IBDP Maths SL 2.4 Key features of graphs AA HL Paper 1- Exam Style Questions- New Syllabus
Question
Consider the curve \( y = x^2 – x – 1 \) and the line \( y = mx – 3 \), where \( m \in \mathbb{R} \).
(a) Show that the curve and the line meet at points satisfying \( x^2 – (m + 1)x + 2 = 0 \).
(b) Hence, determine the values of \( m \) for which the line is tangent to the curve.
Most-appropriate topic codes (IB Mathematics: Analysis and Approaches HL 2025):
• SL 2.4: Intersection of curves and lines — part (a)
• SL 2.7: Discriminant and nature of roots — part (b)

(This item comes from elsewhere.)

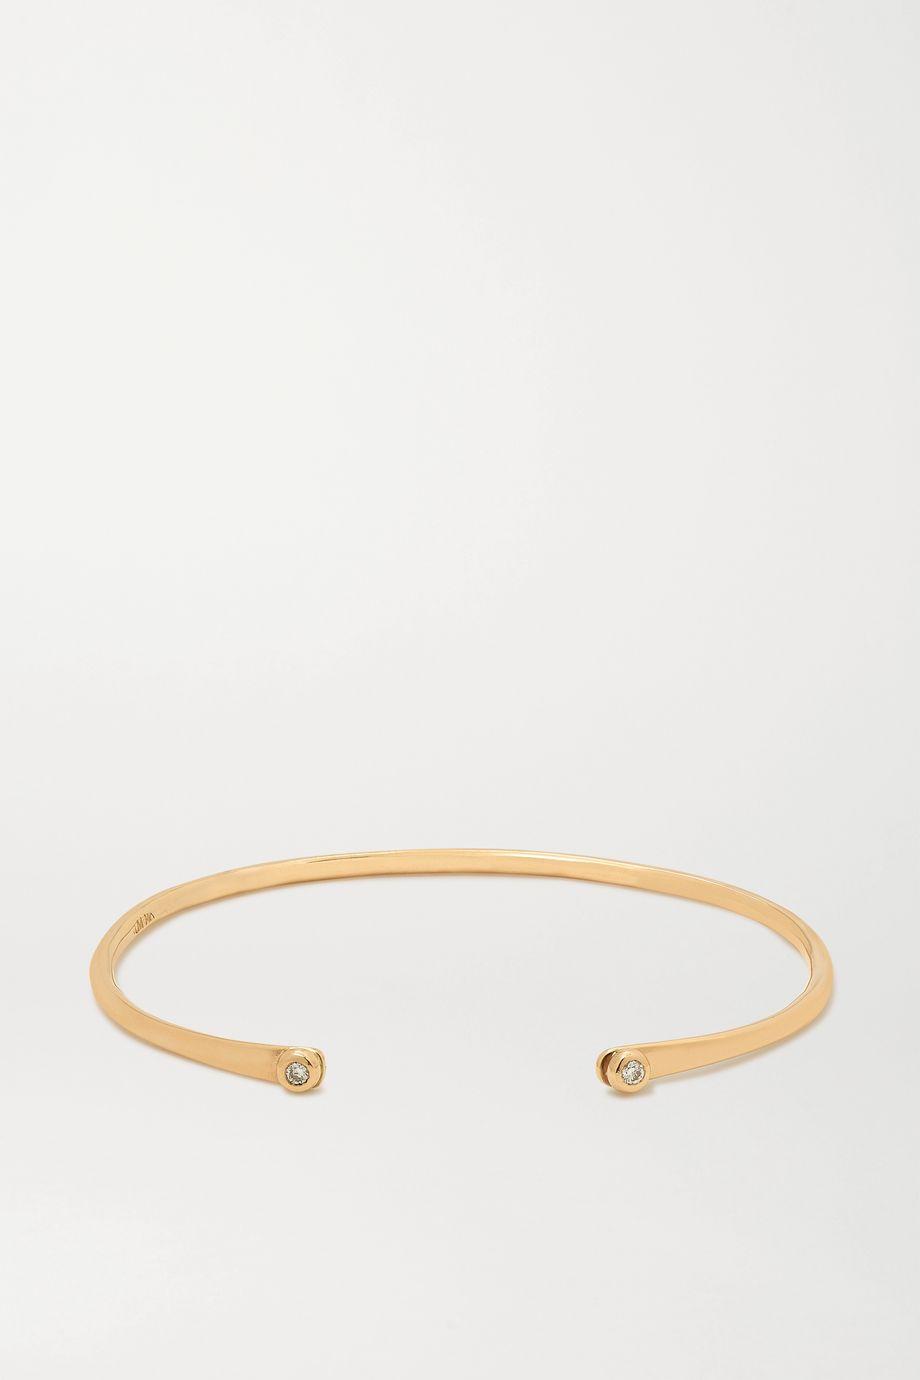 Melissa Joy Manning + NET SUSTAIN 14-karat gold diamond cuff

• SL 2.7: Discriminant and nature of roots — part (b)
▶️ Answer/Explanation
(a)
Set the equations equal to find intersection:
\( x^2 – x – 1 = mx – 3 \)
Rearrange:
\( x^2 – x – 1 – mx + 3 = 0 \)
\( x^2 – (m + 1)x + 2 = 0 \)
(b)
The line is tangent to the curve when the quadratic \( x^2 – (m + 1)x + 2 = 0 \) has exactly one solution (repeated root). This occurs when the discriminant is zero.
Discriminant \( \Delta = [-(m+1)]^2 – 4(1)(2) = (m+1)^2 – 8 \).
Set \( \Delta = 0 \):
\( (m+1)^2 – 8 = 0 \)
\( (m+1)^2 = 8 \)
\( m+1 = \pm 2\sqrt{2} \)
\( m = -1 \pm 2\sqrt{2} \)
\(\boxed{m = -1 – 2\sqrt{2},\quad -1 + 2\sqrt{2}}\)